Thanks--I was looking at the Toro PowerMax HD line, but my hesitation is that they don't make a tracked model. That's not a deal-breaker, but I am leaning towards tracks if possible (and open to your thoughts on that). I'm also really curious about the Toros not having shear pins--does that wind up resulting in more expensive repairs, instead?


----------



## detdrbuzzard

of the machines you mention I would get the sho28 and possably an impeller kit


----------



## YSHSfan

Again IMHO your best option for a new snowblower at $2500 would be to chase a leftover Honda HS1332TA. I've seen them for 2500-2600 with 3 year warranty at a few dealers here in New England. Search ads close to your area.


----------



## skdbear

hsblowersfan said:


> Again IMHO your best option for a new snowblower at $2500 would be to chase a leftover Honda HS1332TA. I've seen them for 2500-2600 with 3 year warranty at a few dealers here in New England. Search ads close to your area.


Ok, I had pretty much ruled out Hondas due to the cost and the transmission problems in the new models, but I just got a quote from the Honda dealer in Juneau for the 2015 model HS1332 with tracks and electric start for $2799. Sounds like a steal. Do these models have the transmission problems that I'm hearing about in the newest models?


----------



## Cardo111

No these machines are tried and true and were manufactured at the end of the model life cycle, therefore Honda had plenty of time to address and fix any bugs in these units. I am a big Ariens fan and also like the high capacity Hydro Pro 28, however if you are offered a full 3 year new machine warranty on the Honda I would go for that machine for your needs. Best of luck on your search.


----------



## skdbear

Cardo111 said:


> No these machines are tried and true and were manufactured at the end of the model life cycle, therefore Honda had plenty of time to address and fix any bugs in these units. I am a big Ariens fan and also like the high capacity Hydro Pro 28, however if you are offered a full 3 year new machine warranty on the Honda I would go for that machine for your needs. Best of luck on your search.
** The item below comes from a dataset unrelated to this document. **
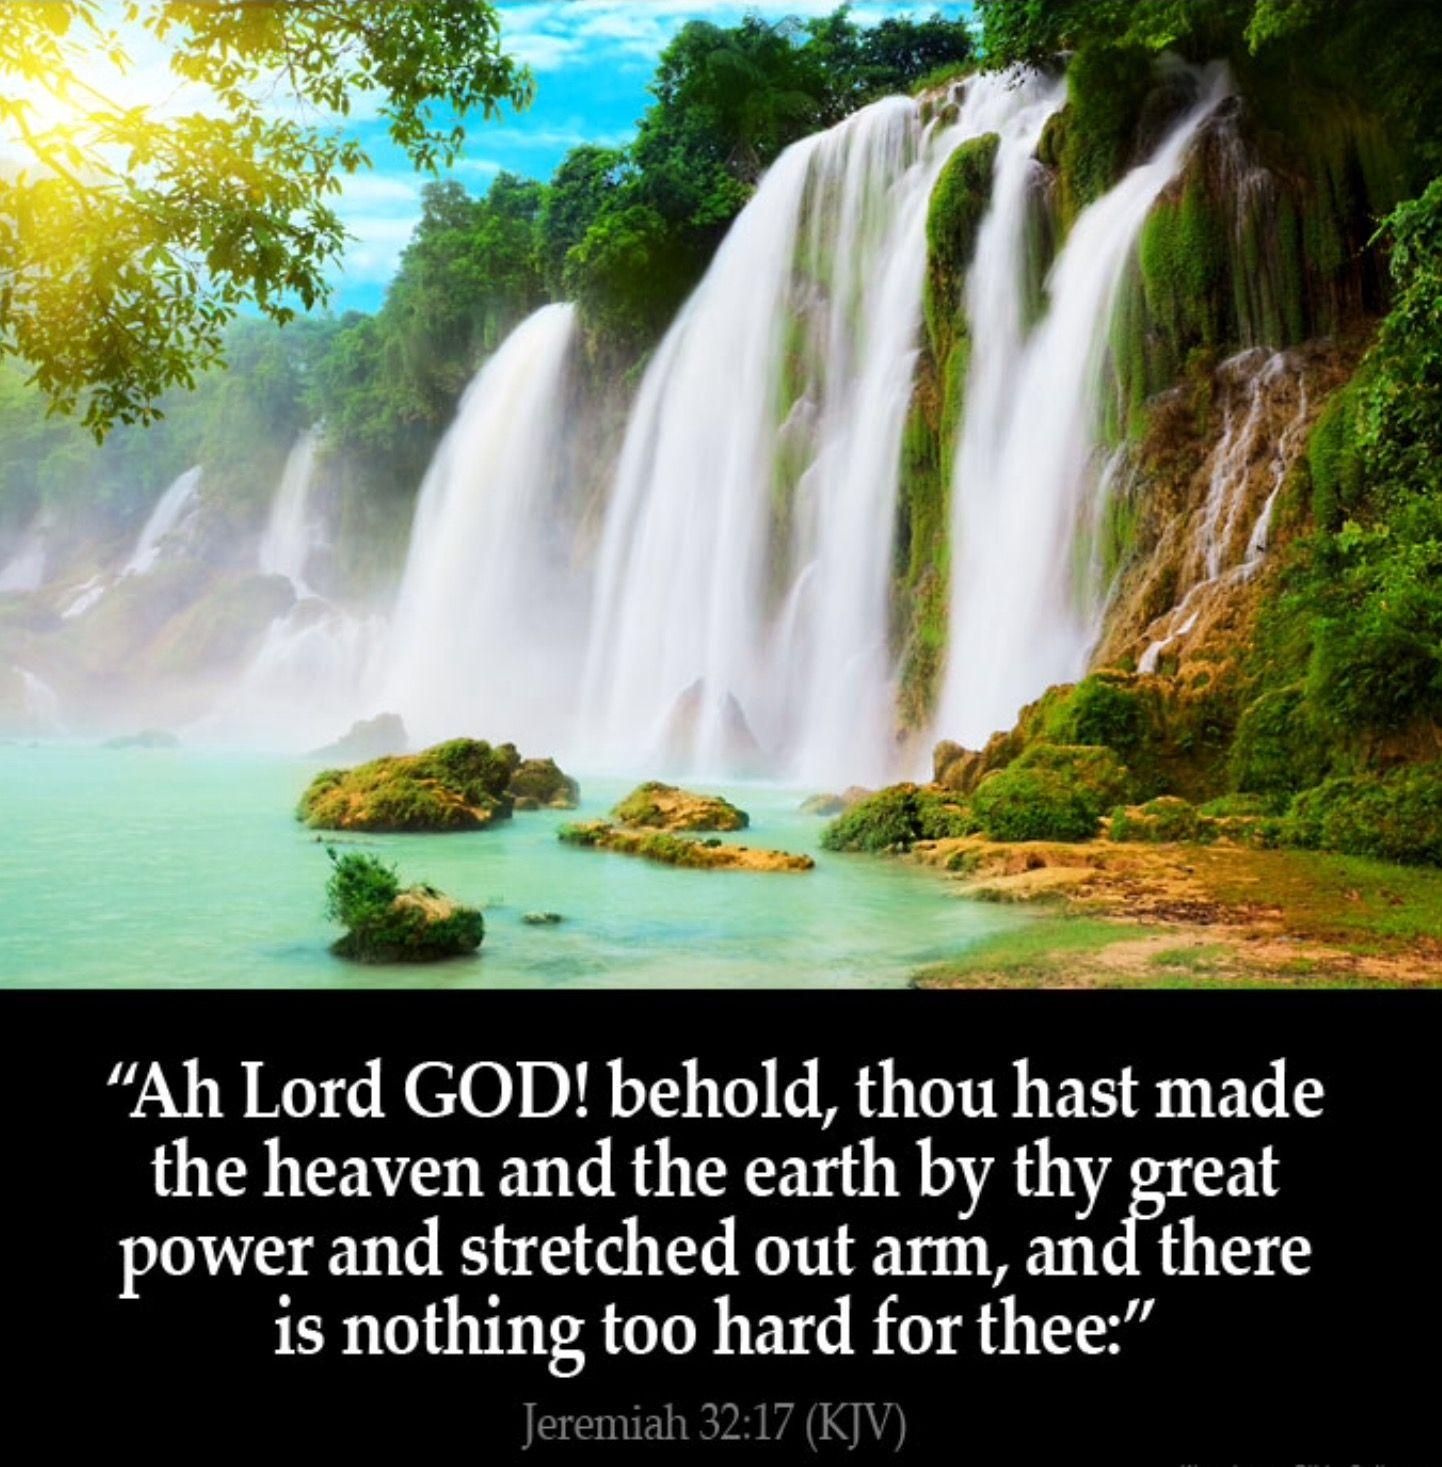 jeremiah 32 17 almighty god u0027s creation pinterest jeremiah 32
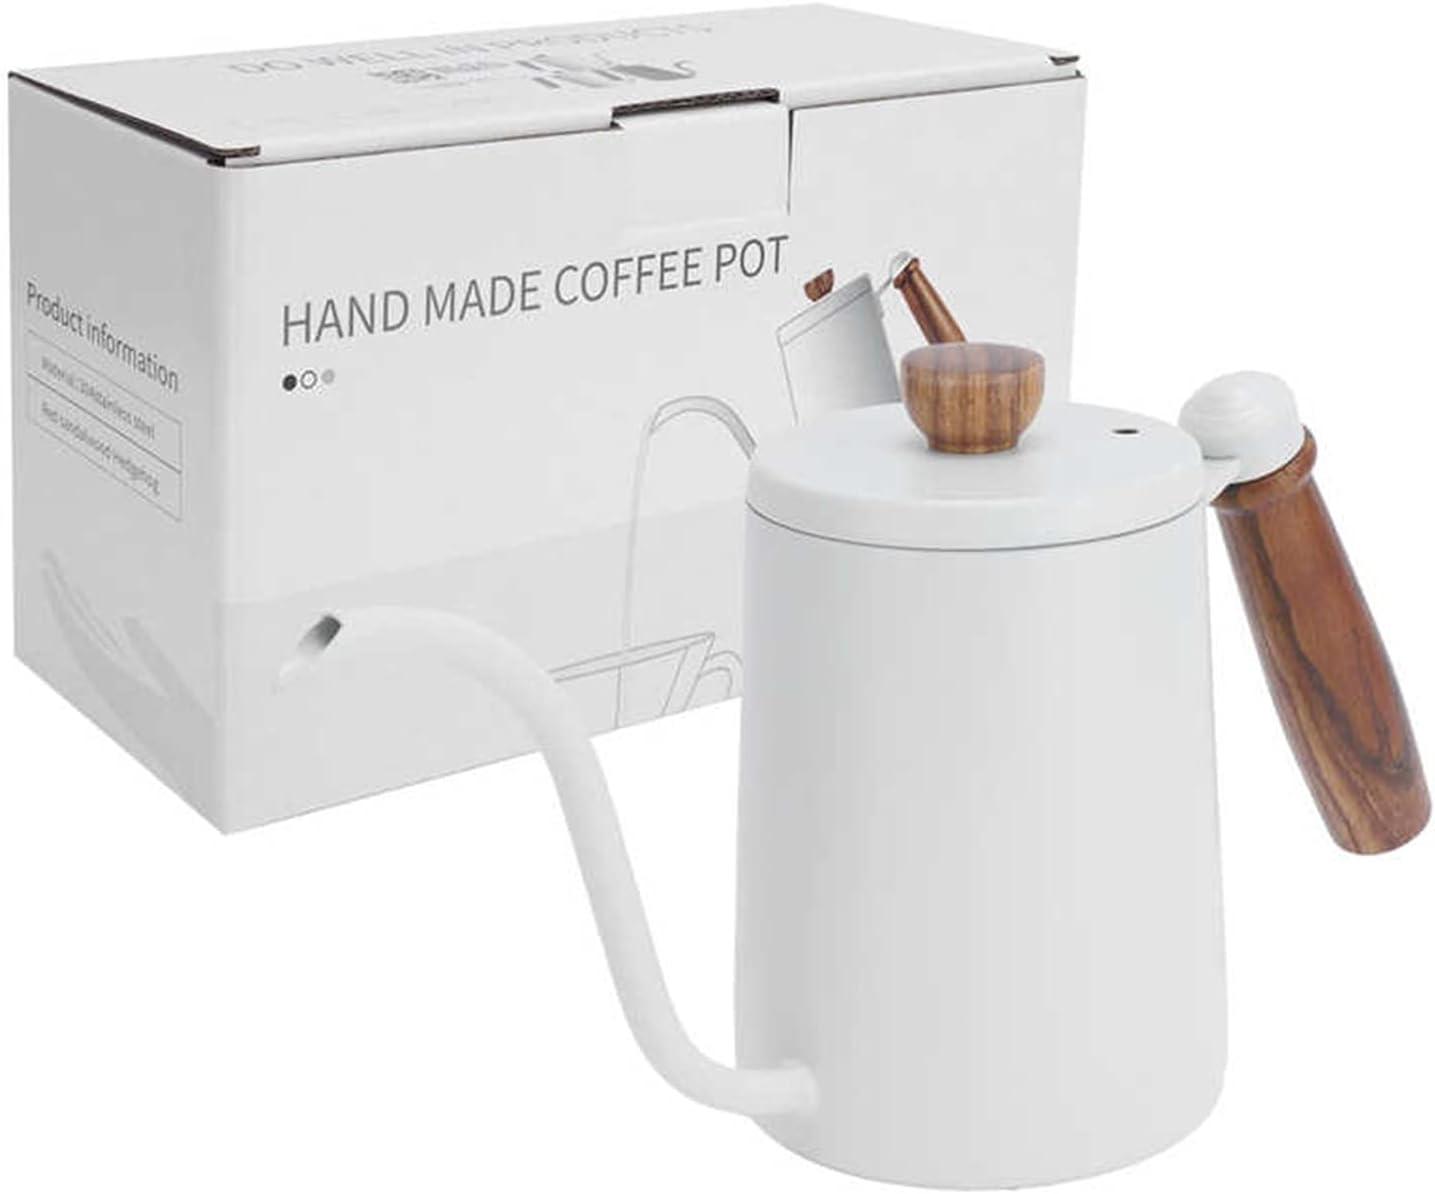 Coffee Filters 600ML Coffee Pot 304 Stainless Steel Fingerprint

Thanks, Cardo. Warranties are practically irrelevant due to my location and the cost/ordeal of getting service from a certified dealer or mechanic. I'm also looking at cost of freight--I can get the Honda here from Juneau for under $100, but if I have to ship something from the lower 48, we're looking at $600 in freight costs, and a 3 week or more wait. There are some Ariens available in Juneau, but mostly just the box store models, and if I get an Ariens I'd like one of the higher end models.


----------



## YSHSfan

Go for the HSS1332, you won't regret.
The newer Honda HSS series had issues with their transmissions but it was only the first year and all those faulty transmissions were repaired or have a recall to be repaired. The later ones have no issues with their transmission that we've heard so far.


----------



## 69ariens

skdbear said:


> Thanks--I was looking at the Toro PowerMax HD line, but my hesitation is that they don't make a tracked model. That's not a deal-breaker, but I am leaning towards tracks if possible (and open to your thoughts on that). I'm also really curious about the Toros not having shear pins--does that wind up resulting in more expensive repairs, instead?


The toro does not need shear pins because there gear box is built like a tank. On the track thing , i don't know how the ariens are to move when the engine is off but the honda's move almost as easy as a wheeled blower.


----------



## Hanky

skdbear said:


> Thanks, NWCove. I'm really not looking for a pre-owned machine--I have very limited access to them and would have to buy something sight unseen and then have it shipped up on a barge--that's a big gamble. I'm also really not looking to build or modify a machine, having limited time, resources, and mechanical skills. What I'm looking for is the best available new machine that can handle a lot of heavy, wet snow for around $2500. Thanks!


Have you thought about a Husky track model, they have have 2 track ones. There should be a Husky dealer in Whitehorse, as the sell chain saws etc. and with your dollar you gain 35% it should work in to a great deal.

Save up to $50 when you buy a Husqvarna snow blower


----------



## Bluejoe

I would go with 28-30" width, Biggest engine available in any of those two models. I think if you go to wide handling might be tuff. I don't believe the third stage is really necessary and if it actually performs any better then a two stage. I think you should go with wheels and not tracks. That's just extra cost factor where you could put it into something better like a heavy duty model. I think Ariens is a very good choice if you don't go with the Yamaha.


----------



## jrom

I'd go with the Honda HS1332TA 1st, then one of the heavy duty Ariens mentioned in this thread – friction drive – just to keep potential repairs reasonable in price and in ease of doing them fast, plus part availability is great with the Ariens.

I get over 200" of heavy wet snow every year with 30+' a couple of years ago too. Lake effect from Lake Michigan dumps right on me and my neighbors. Actually like it quite a bit as it's real clean snow and as long as I have a way to clear, I'm happy.

I clear 600' of gravel drive, a couple of double car size spots, trailer area and 600' of paths to the woodshed and compost pile. I love the tracks on the Honda's. This'll be my 25th year here.


----------